Welcome, 2013. Come, Emmanuel.

Food Poisoning

Yesterday was a milestone in our young marriage: I witnessed O. vomiting for the first time.

On Saturday night, we had taken my parents out to dinner at a local Mexican place they've started going to recently. The food was good and we admired the Diego Rivera art (posters, but the images still spoke) on the brightly painted walls. O. downed his entire burrito, a corner of mine that I couldn't finish, a lime soda, and my mother's leftovers.

Home, bed, sleep. Around 2am O. got up, and moaned to me that he felt sick. In the morning, he still had a stomache ache, but we made it to the 8am service at church (albeit a bit late, but that was my fault) for this great sermon. We intended to drive up to San Francisco after that and explore Golden Gate Park, which O. hasn't seen. But since we hadn't had time for breakfast before church, we stopped at home to eat.

It was very fortunate that we did stop, and that we lingered, because O.'s condition deteriorated rapidly. After he threw up violently, we had to conclude that SF was out of the question for that day. O. ended up lying on the couch most of the day, looking and sounding miserable, and arousing all my affection and compassion.
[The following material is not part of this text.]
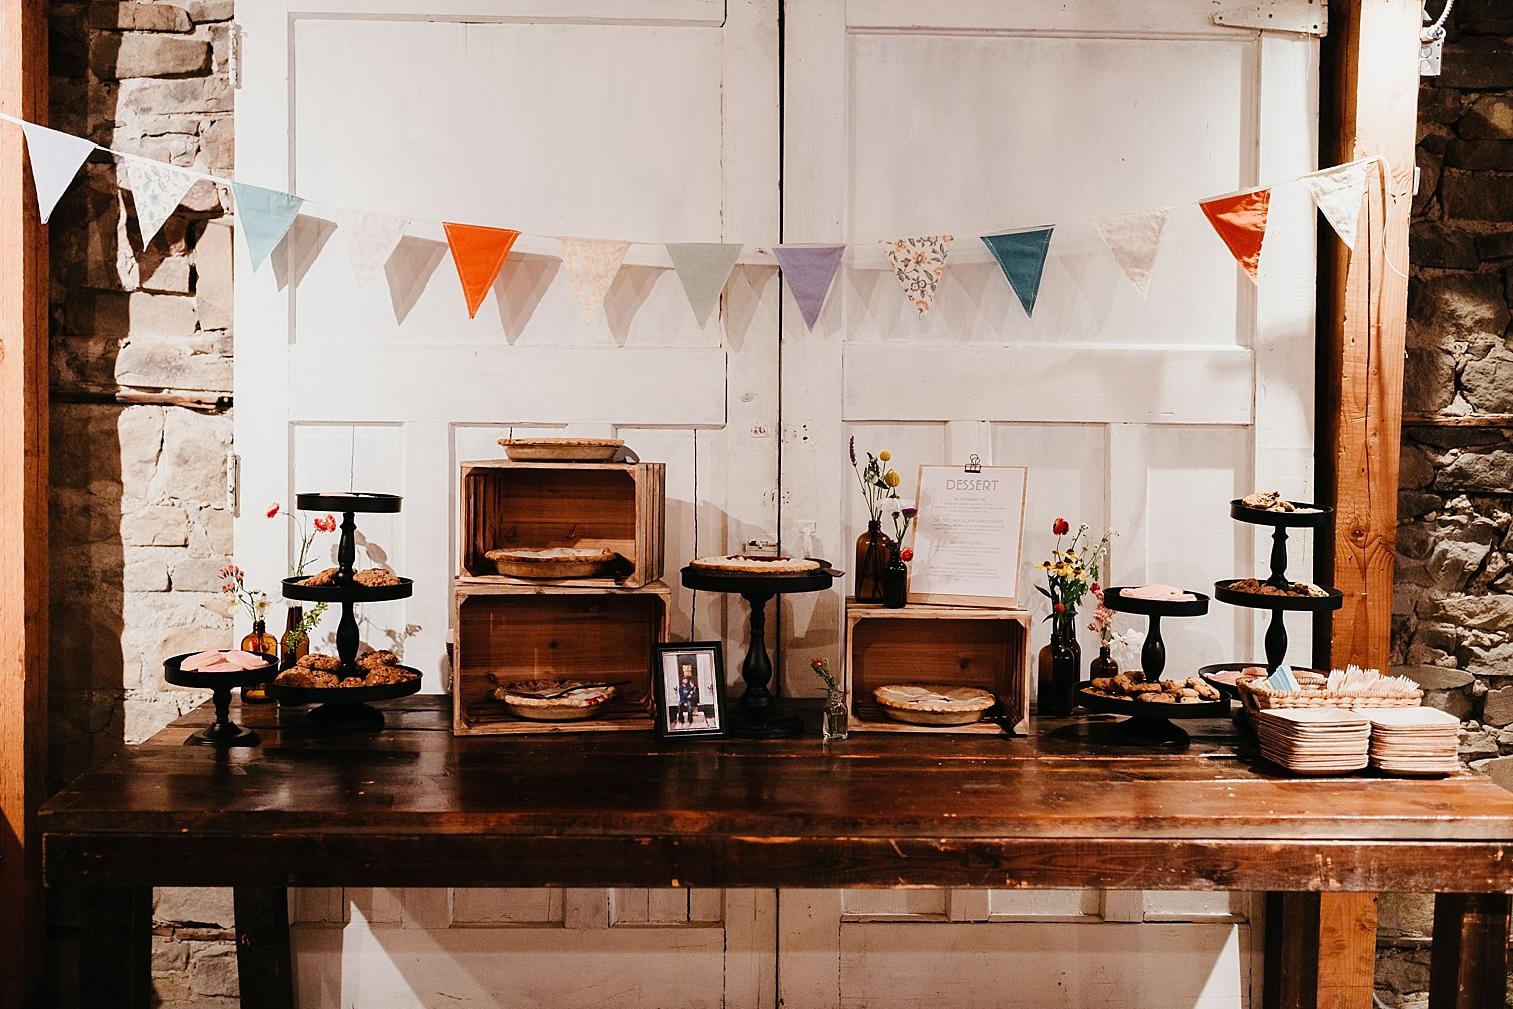 Summer-Camp-Themed-Wedding-119.jpg

I read him 40 or so pages of Roald Dahl's charming book The BFG, which we had started the previous day. He ran a fever and worried that he wouldn't be able to take our scheduled flight (8:15am tomorrow).

He ended up swallowing a couple of my parent's traditional Chinese stinky pills (no obvious effect on him, but my mom says he should have had four, the full dose), and two or three cloves worth of minced garlic, one clove at a time. Thank God, in the morning he was all better, and was able to enjoy our last day here.

O. has seen me vomit from motion sickness a few times already, but yesterday's episode was the first time I saw him reduced to that level of physical discomfort. I would never wish it on him again, but on the bright side, I do feel a little closer and more intimate with him now. Even food poisoning can have a silver lining.

New Year's Resolution (3)

I resolve to see more of New York City while I still can!
  • visit each borough at least once (I haven't been to the Bronx or Staten Island or Brooklyn)
  • go to the Bronx Zoo and the Central Park Zoo
  • see a show on Broadway with O.
  • visit MOMA once a month
  • visit the World Trade Center memorial
  • see the Cloisters
  • walk all over Chinatown at least once
  • go on a walking tour (if I can find a free one)

California Horizons

O. and I are planning to move out here to California at the end of June, after my sister graduates from her east coast school. I can't wait--well, I can wait and I am glad to stay a while longer because there are plenty of things still undone in our current life in NJ/NY. Places to see, relationships to deepen.

But I can't wait to look out on the horizon and see mountains every morning, purple-blue against the clear sky. I can't wait to exercise in the sun all year round, and to breathe hard without the insidious sense that I am poisoning my lungs. I can't wait to visit the marshes weekly or even daily and see the waterbirds swimming and diving in a habitat that has been preserved or restored intentionally, not wantonly filled in and built on.

Yesterday evening, Mom and I drove out to the Foster City dog park with my parent's little poodle. The sun was beginning to set as we unleashed the dog. She tore back and forth across the green grass--imagine that, green grass and flowers in December! The water in the marsh just across the park's fence reflected the glowing sky. Beyond it the mountains stood, and beyond them an open sky.

New Year's Resolution (2)

In the first six months of 2013, before we begin another cross-country journey and move (this time together), I want to finish reading certain books. It will be like a semester of pre-grad-school--only more like high school, because the subject matter is not well-focused well-rounded.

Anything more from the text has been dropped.